The expected output is the data below, character for character, without its pictures.

DATASET EXCERPT:
══════
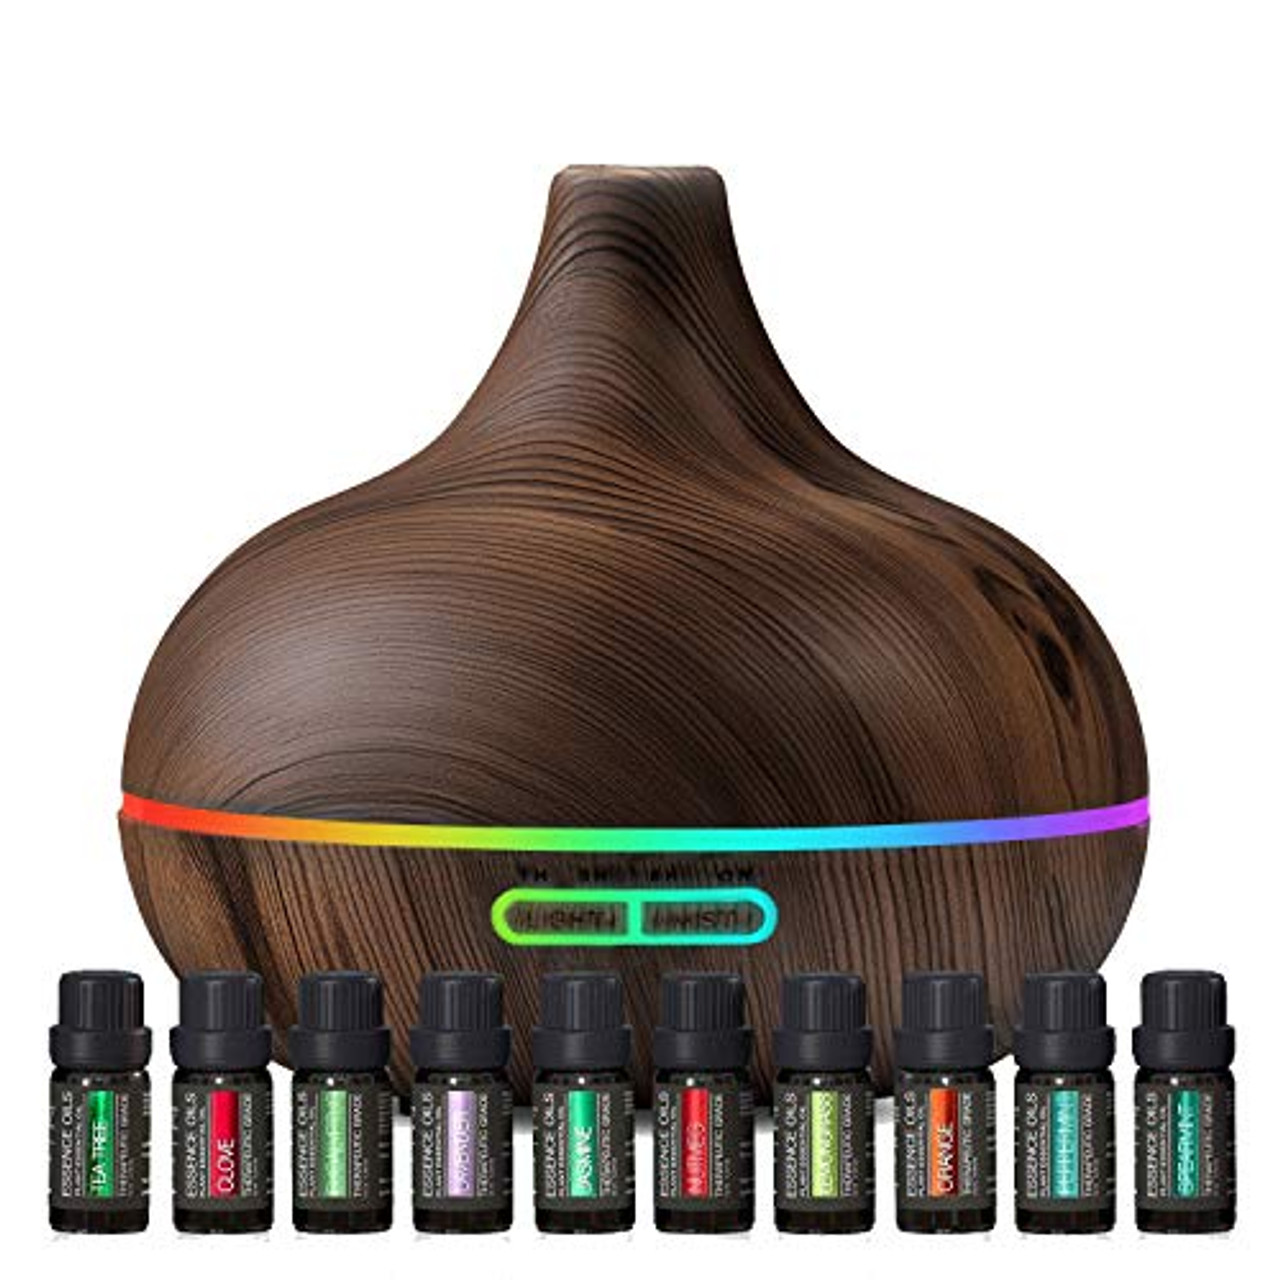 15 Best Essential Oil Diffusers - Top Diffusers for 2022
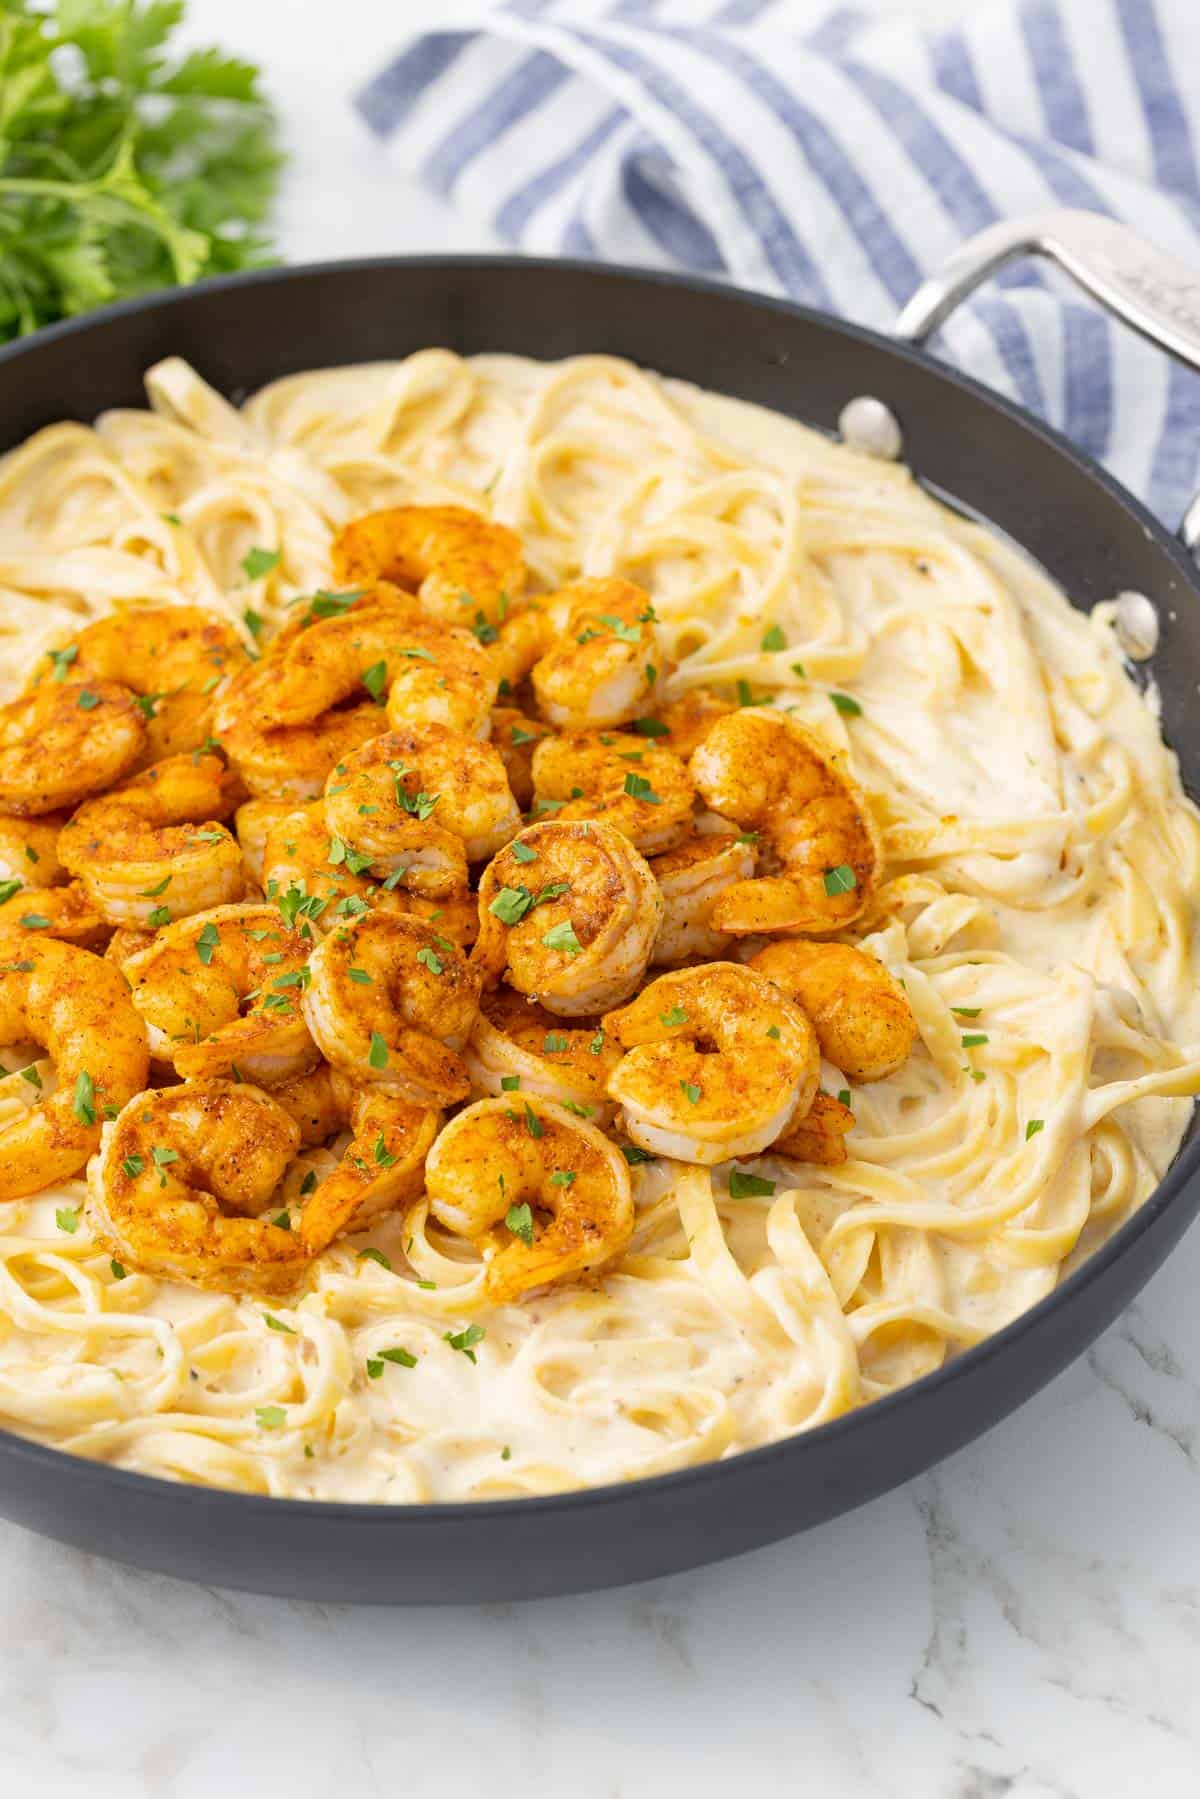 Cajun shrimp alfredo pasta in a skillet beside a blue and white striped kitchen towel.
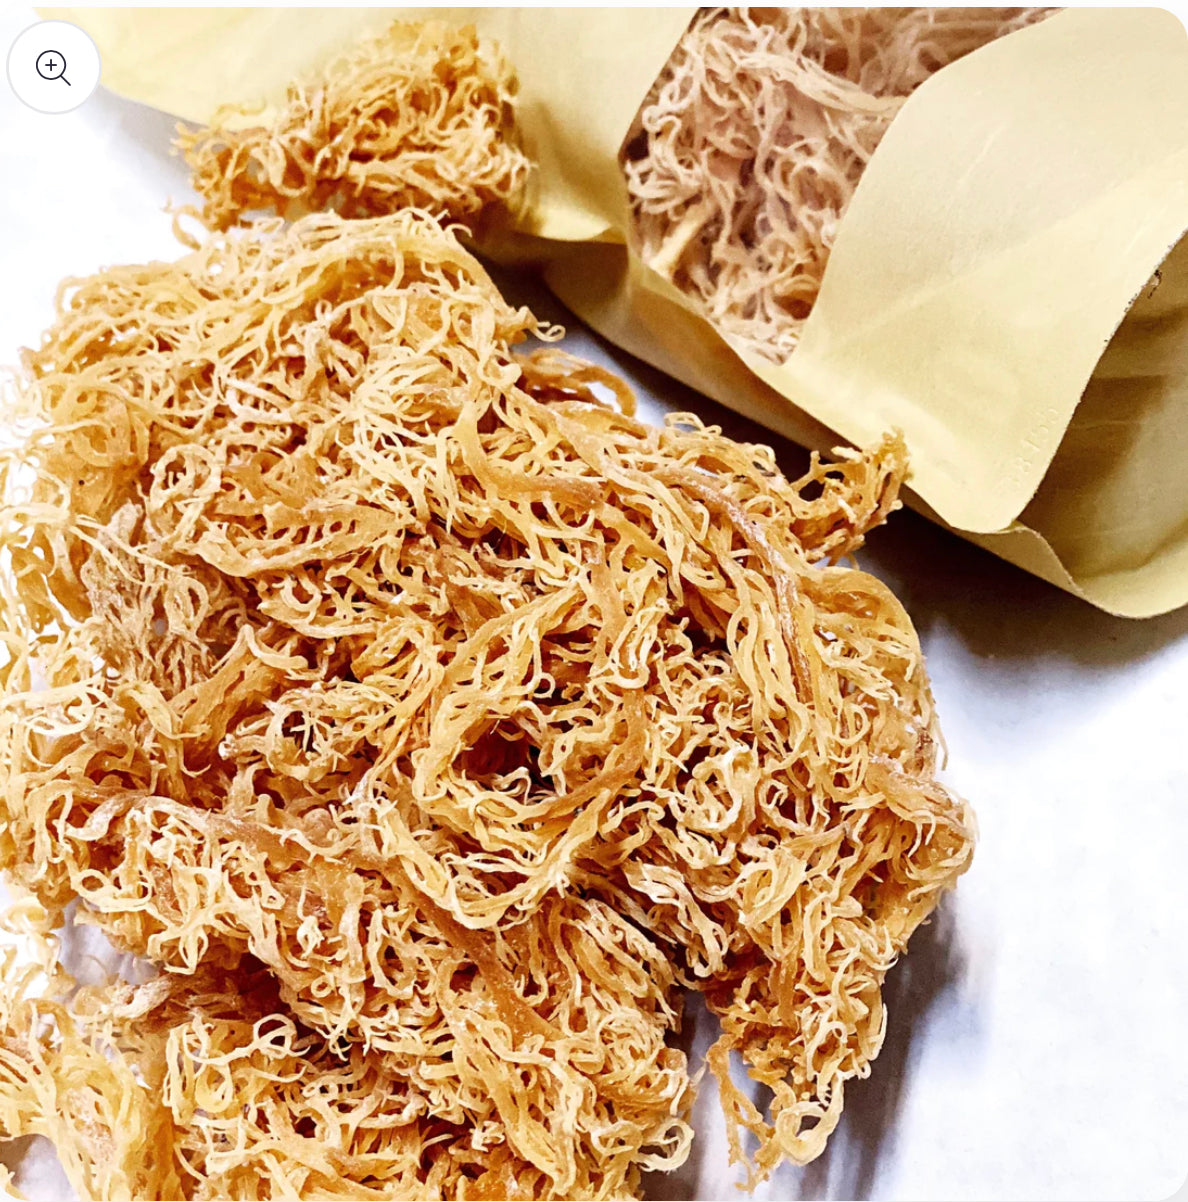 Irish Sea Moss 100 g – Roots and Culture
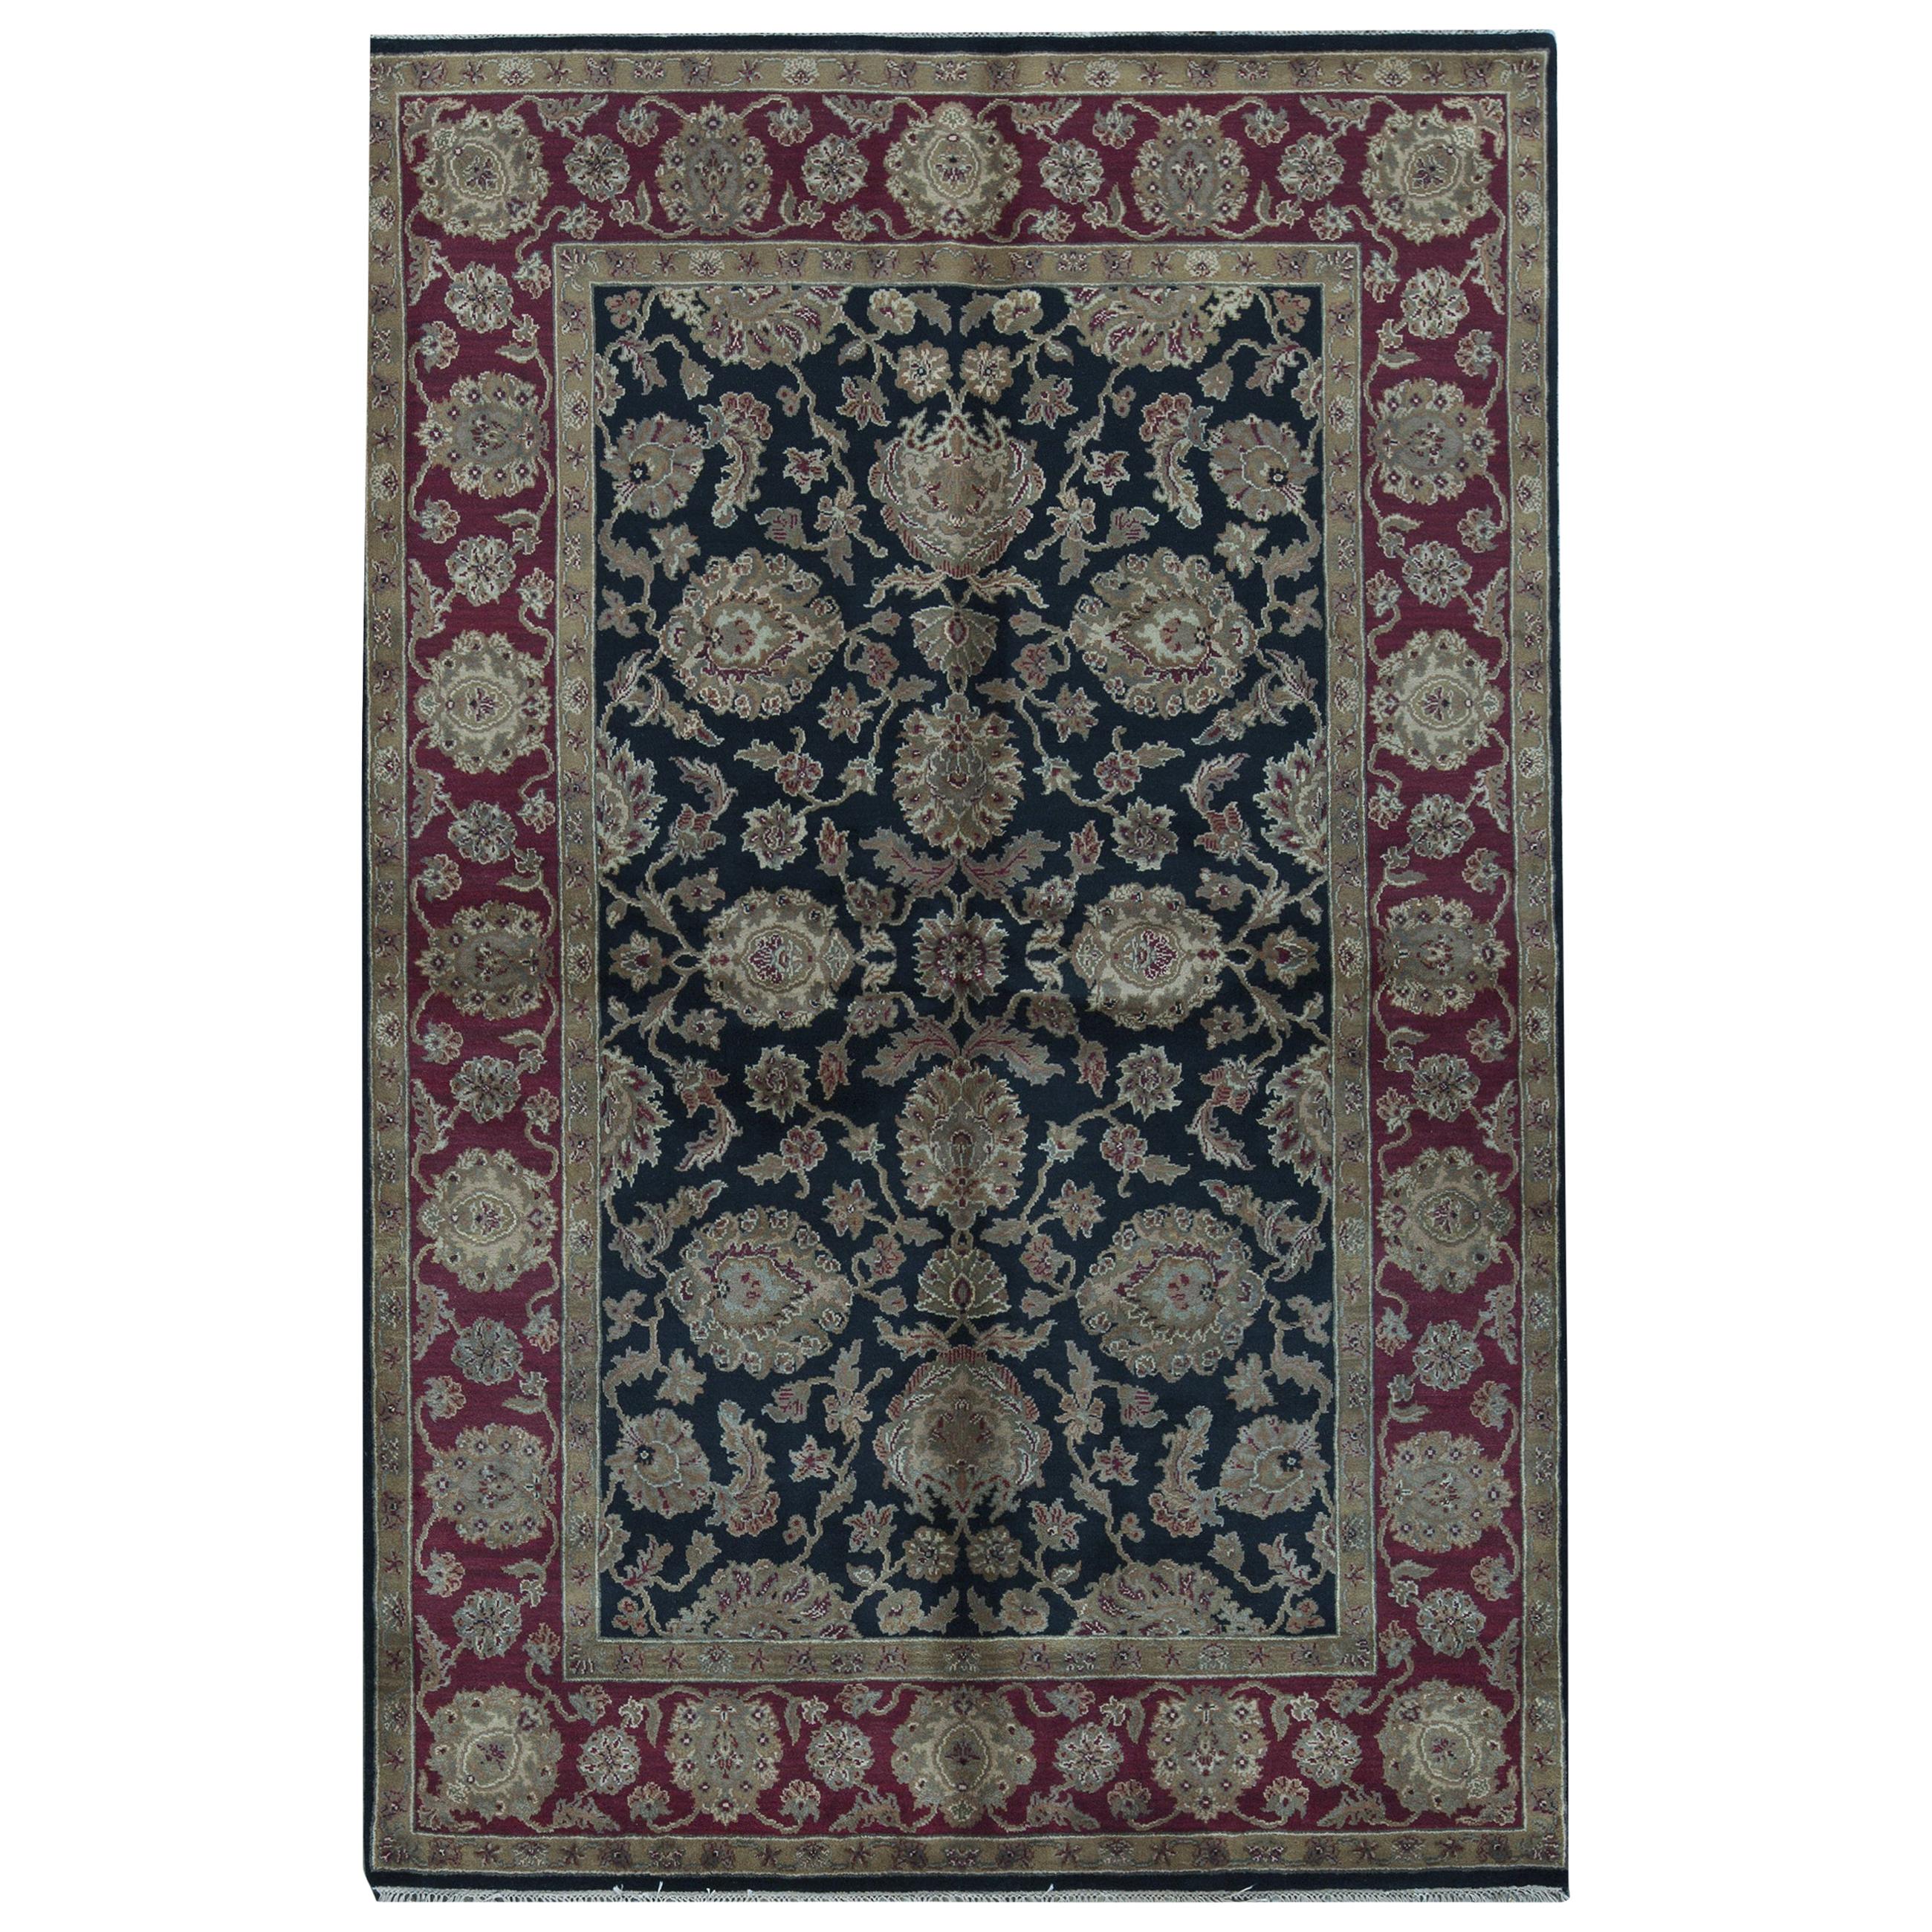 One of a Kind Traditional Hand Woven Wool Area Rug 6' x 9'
══════
FINISHED EXERCISE:
 15 Best Essential Oil Diffusers - Top Diffusers for 2022
 Cajun shrimp alfredo pasta in a skillet beside a blue and white striped kitchen towel.
 Irish Sea Moss 100 g – Roots and Culture
 One of a Kind Traditional Hand Woven Wool Area Rug 6' x 9'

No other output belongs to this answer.